MTG's (TSE:7806) 55% CAGR outpaced the company's earnings growth over the same three-year period
It might seem bad, but the worst that can happen when you buy a stock (without leverage) is that its share price goes to zero. But in contrast you can make much more than 100% if the company does well. To wit, the MTG Co., Ltd. (TSE:7806) share price has flown 264% in the last three years. Most would be happy with that. In more good news, the share price has risen 18% in thirty days. We note that MTG reported its financial results recently; luckily, you can catch up on the latest revenue and profit numbers in our company report.
On the back of a solid 7-day performance, let's check what role the company's fundamentals have played in driving long term shareholder returns.
While markets are a powerful pricing mechanism, share prices reflect investor sentiment, not just underlying business performance. One way to examine how market sentiment has changed over time is to look at the interaction between a company's share price and its earnings per share (EPS).
MTG was able to grow its EPS at 43% per year over three years, sending the share price higher. We don't think it is entirely coincidental that the EPS growth is reasonably close to the 54% average annual increase in the share price. That suggests that the market sentiment around the company hasn't changed much over that time. Au contraire, the share price change has arguably mimicked the EPS growth.
You can see below how EPS has changed over time (discover the exact values by clicking on the image).
We know that MTG has improved its bottom line over the last three years, but what does the future have in store? Take a more thorough look at MTG's financial health with this free report on its balance sheet.
What About Dividends?
It is important to consider the total shareholder return, as well as the share price return, for any given stock. Whereas the share price return only reflects the change in the share price, the TSR includes the value of dividends (assuming they were reinvested) and the benefit of any discounted capital raising or spin-off. So for companies that pay a generous dividend, the TSR is often a lot higher than the share price return. As it happens, MTG's TSR for the last 3 years was 271%, which exceeds the share price return mentioned earlier. This is largely a result of its dividend payments!
A Different Perspective
We're pleased to report that MTG shareholders have received a total shareholder return of 116% over one year. That's including the dividend. Since the one-year TSR is better than the five-year TSR (the latter coming in at 29% per year), it would seem that the stock's performance has improved in recent times. In the best case scenario, this may hint at some real business momentum, implying that now could be a great time to delve deeper.

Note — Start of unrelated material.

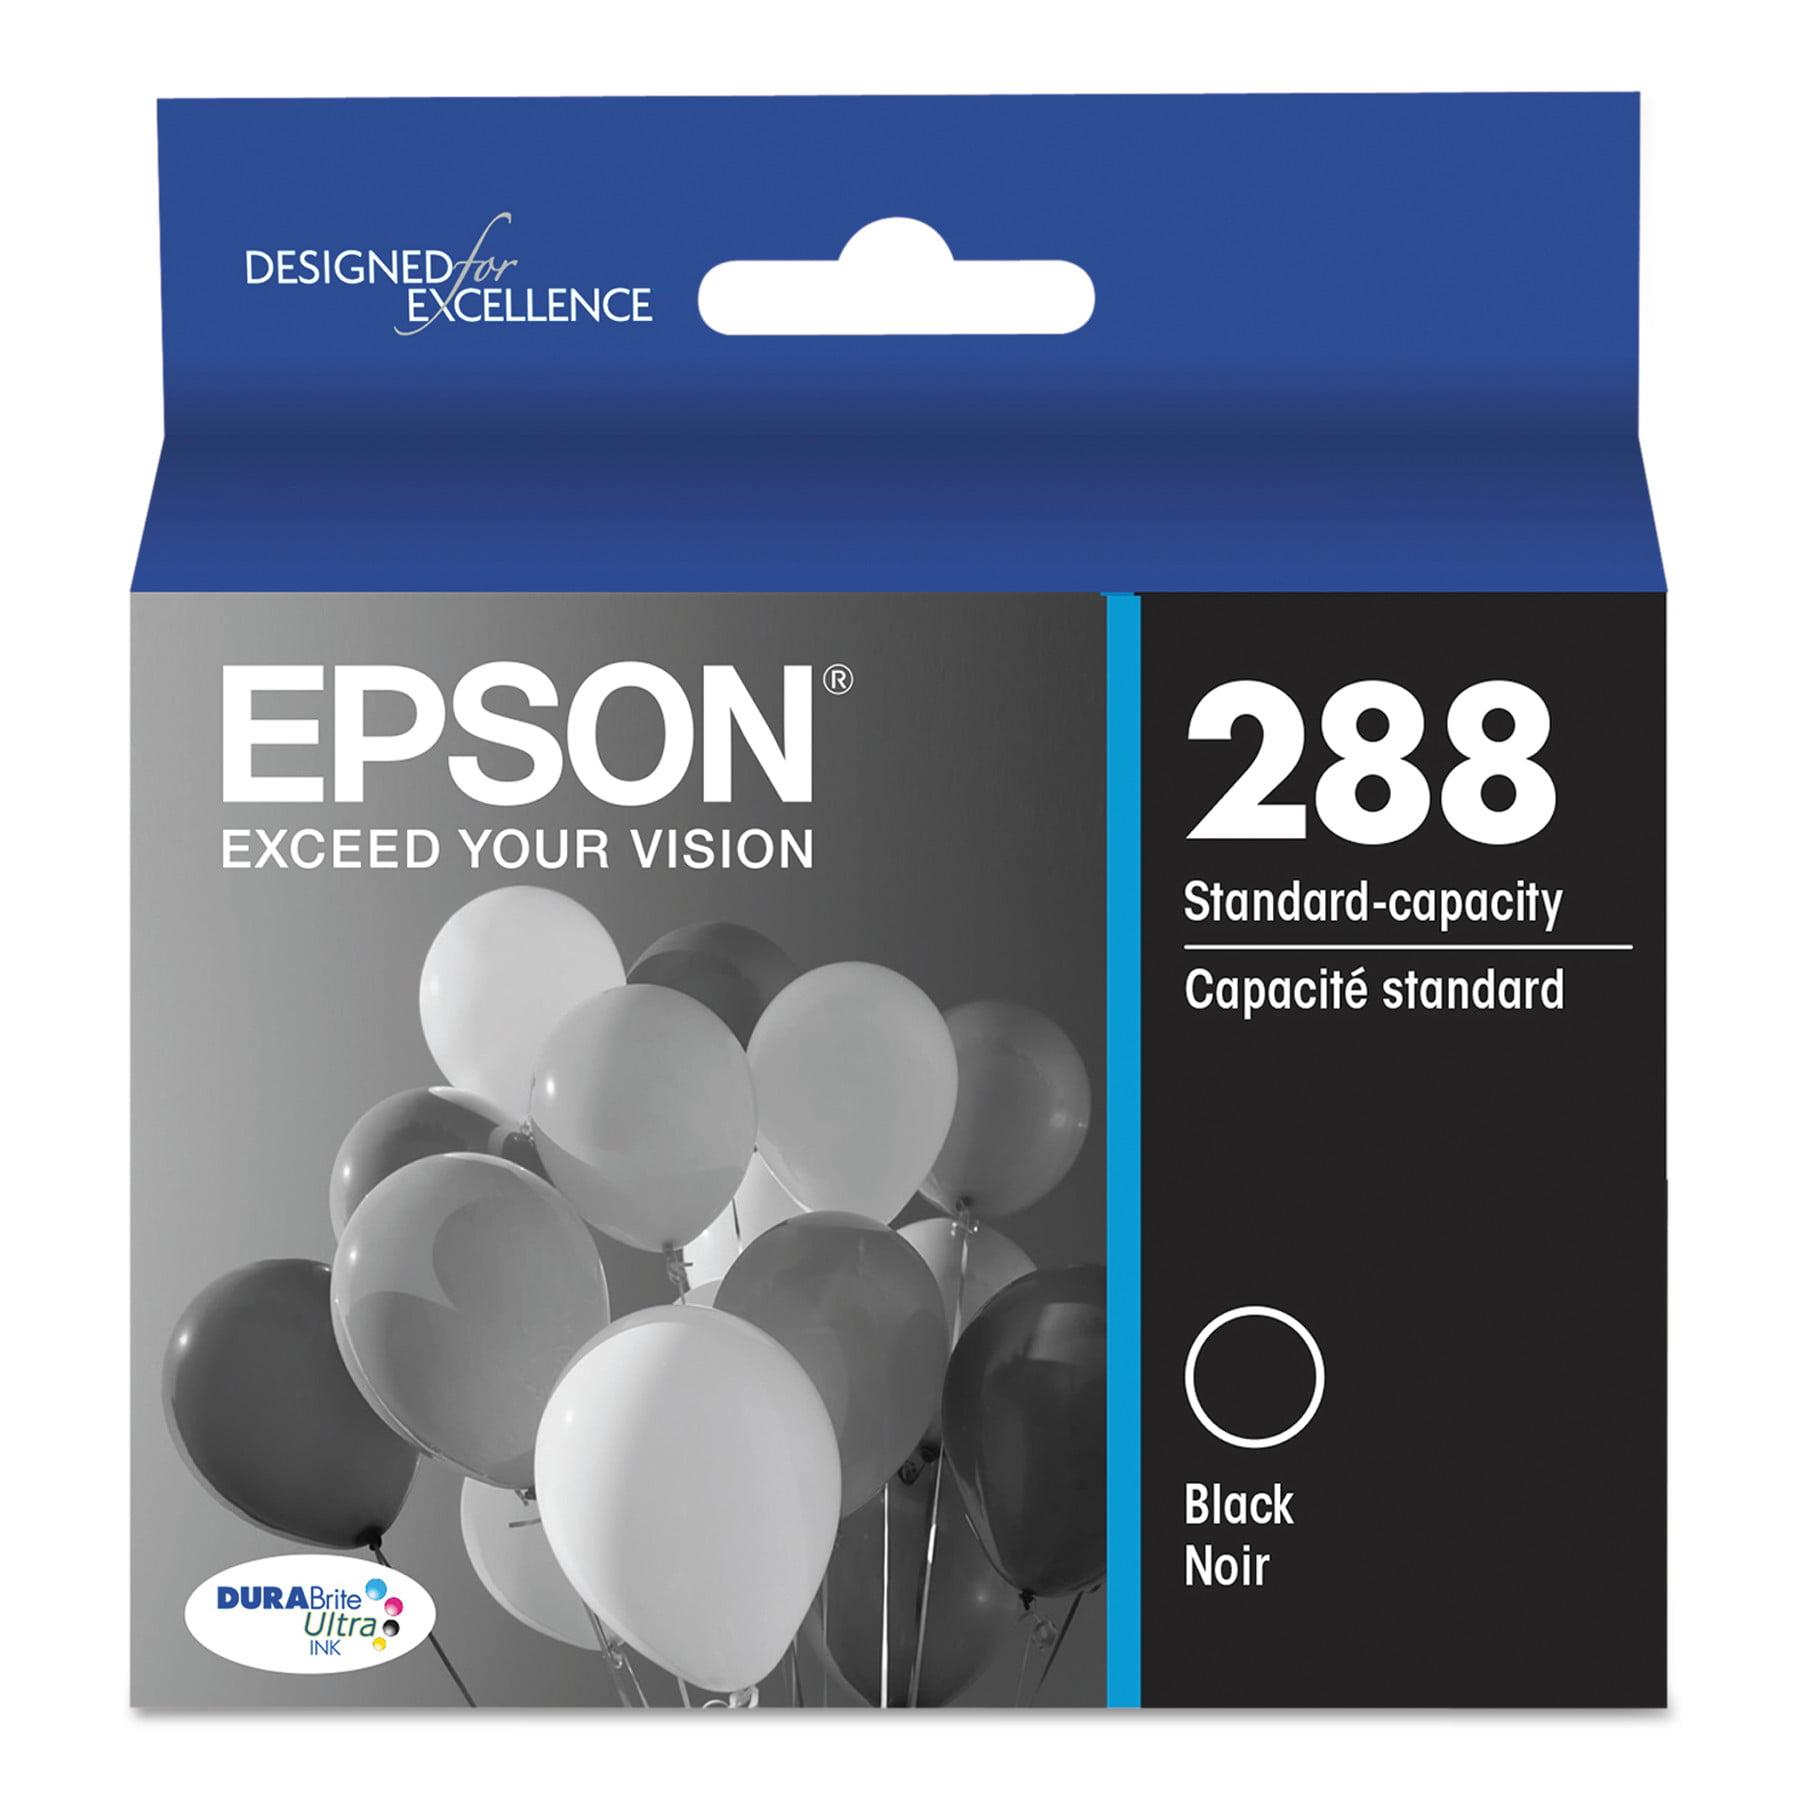 Epson 288 DURABrite Ultra Inks, Standard-Yield, Black - Walmart.com

It's always interesting to track share price performance over the longer term. But to understand MTG better, we need to consider many other factors. Take risks, for example - MTG has 2 warning signs we think you should be aware of.
We will like MTG better if we see some big insider buys. While we wait, check out this free list of undervalued stocks (mostly small caps) with considerable, recent, insider buying.
Please note, the market returns quoted in this article reflect the market weighted average returns of stocks that currently trade on Japanese exchanges.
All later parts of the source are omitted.